NeurodataWithoutBorders / pynwb

A Python API for working with Neurodata stored in the NWB Format
https://pynwb.readthedocs.io
Other
176 stars 85 forks source link

[Feature]: Validation should check for uniqueness of object IDs in file #1904

Open rly opened 4 months ago

rly commented 4 months ago

What would you like to see added to PyNWB?

Object IDs are intended to be unique within a file. Spyglass and perhaps other data management systems rely on that. Sometimes object IDs may be the same for two different objects because an object was copied.

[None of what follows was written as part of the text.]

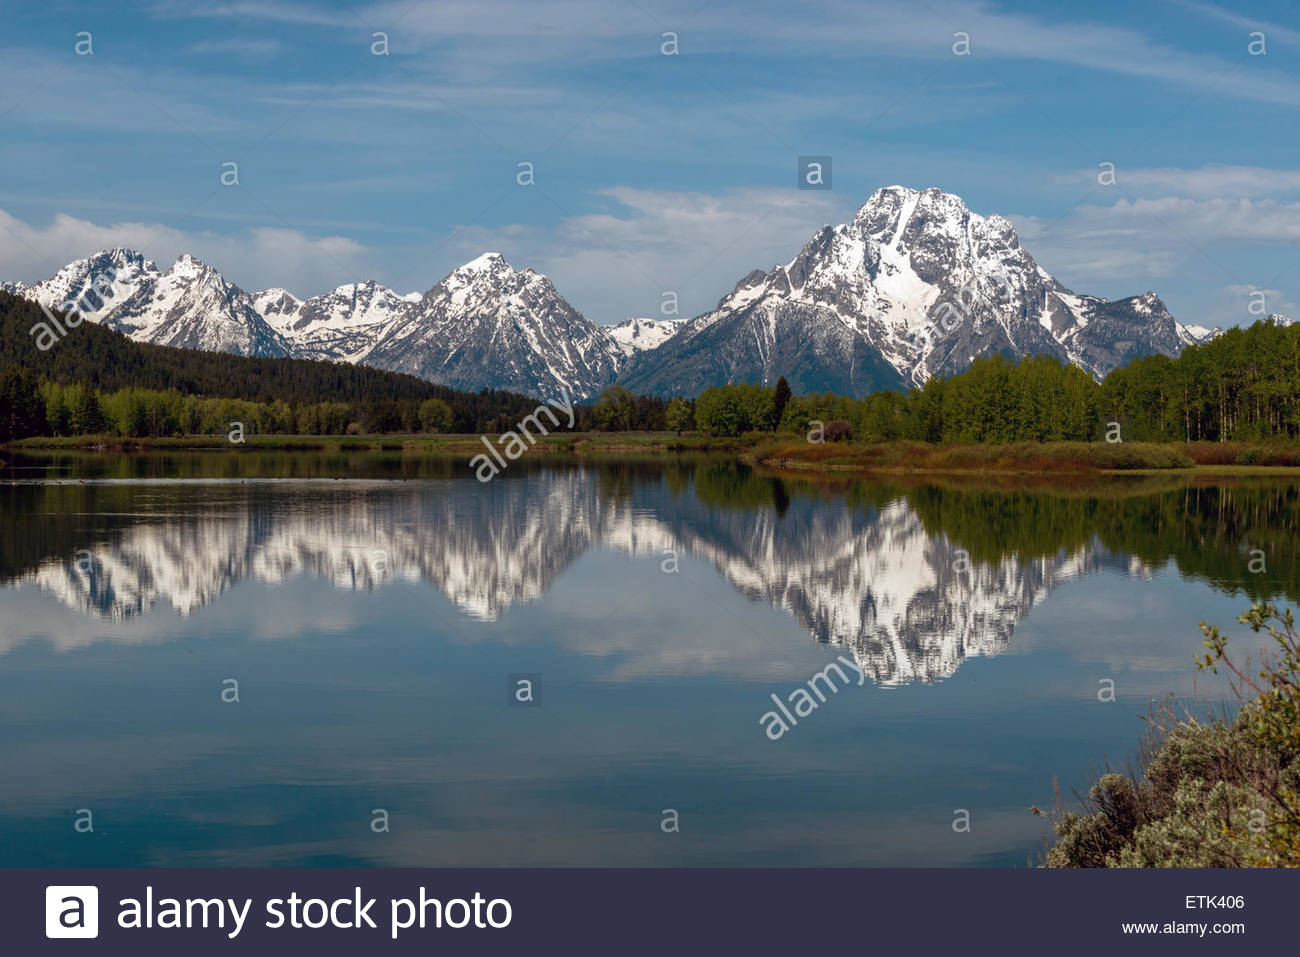 Yellowstone Lake Reflecting Mountains From The Background Stock

See https://github.com/NeurodataWithoutBorders/nwb_benchmarks/issues/60 for an example.

I think this should be an error on validation and probably before/on write too. However, we have to be careful because there already exists data with duplicate object IDs in a file.

Is your feature request related to a problem?

No response

What solution would you like?

In PyNWB, if there is a duplicate key in the file, calling nwbfile.objects will raise an error like: TypeError: Key 'f5bbf768-f39f-4139-b4dc-08f71abb157d' is already in this dict. Cannot reset items in a LabelledDict..

We could also write a check based on nwbfile.all_children: https://github.com/NeurodataWithoutBorders/pynwb/blob/dev/src/pynwb/file.py#L520-L535

Do you have any interest in helping implement the feature?

Yes.

Code of Conduct

t-b commented 4 months ago

All for it!